Franstalige Belgische huisartsen weigeren ook gepseudonimiseerde patiëntgegevens aan te leveren

neenIn België heeft de organisatie van Franstalige huisartsen, het Collège de Médecine Générale (CMG), haar leden dringend aangeraden geen patiëntgegevens uit zorgtrajecten door te sturen naar het Wetenschappelijk Instituut voor de Volksgezondheid(WIV) / l’Institut scientifique de Santé publique (ISP). Het is hen duidelijk geworden dat de medische persoonsgegevens niet in geanonimiseerde vorm aangeleverd en verwerkt worden(zoals beloofd), maar in gepseudonimiseerde vorm. Het gaat in wezen om precies dezelfde discussie als die in Nederland gevoerd is en wordt over de verzameling van Diagnose BehandelCombinaties(DBC’s) in het DBC InformatieSysteem(DIS) en de Routine Outcome Monitoring(ROM)-data door de Stichting Benchmark GGZ(SBG).
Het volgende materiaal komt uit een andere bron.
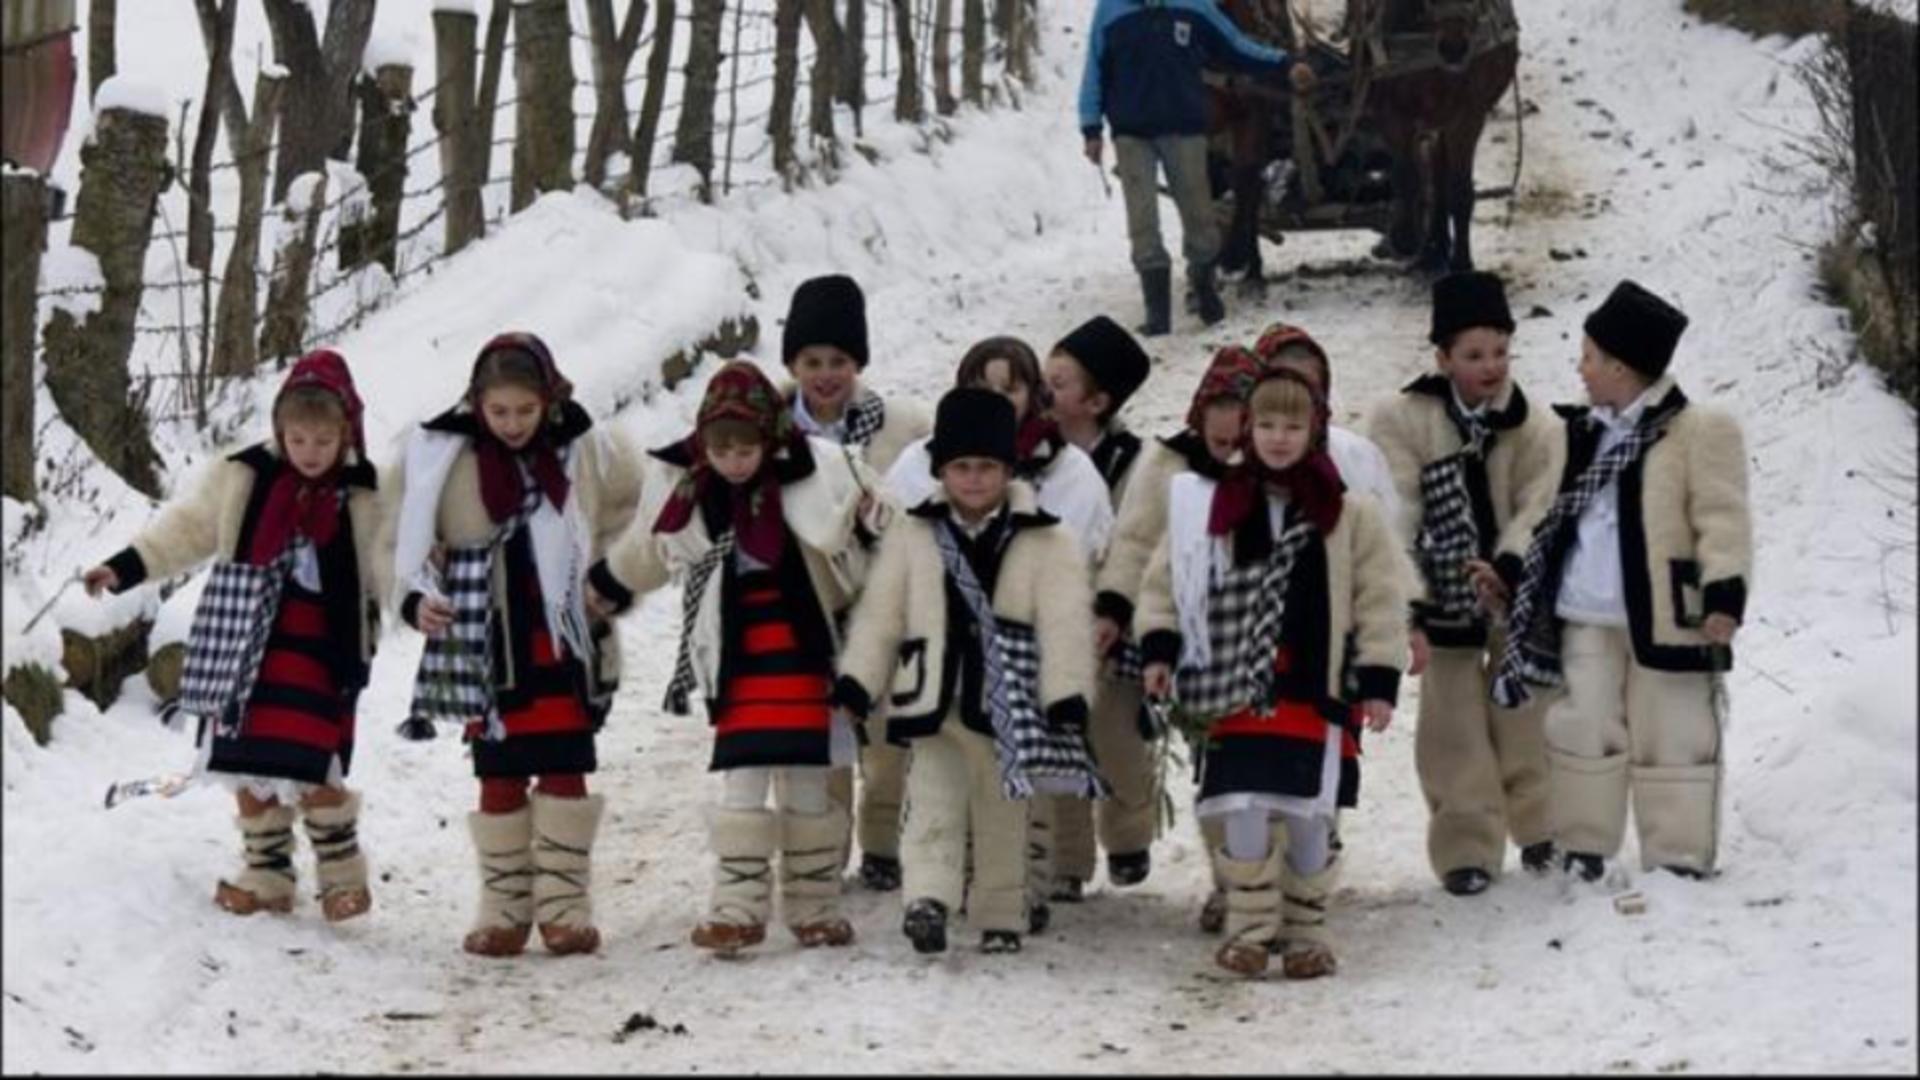 Românii sărbătoresc Crăciunul - tradiții, obiceiuri și superstiții

Ook in België wordt door de betreffende opvragende instantie gezegd dat de gegevens niet tot een individu te herleiden zijn, maar blijken de data niet geanonimiseerd verstuurd en verzameld te worden maar gepseudonimiseerd. Die dienen door de uitspraak van de artikel 29 werkgroep van Europese privacy-toezichthouders in april 2014 zeker vanaf dat moment toch als (bijzondere) persoonsgegevens beschouwd te worden. Door intelligente koppelingen tussen databestanden kunnen data toch naar een persoon herleid worden.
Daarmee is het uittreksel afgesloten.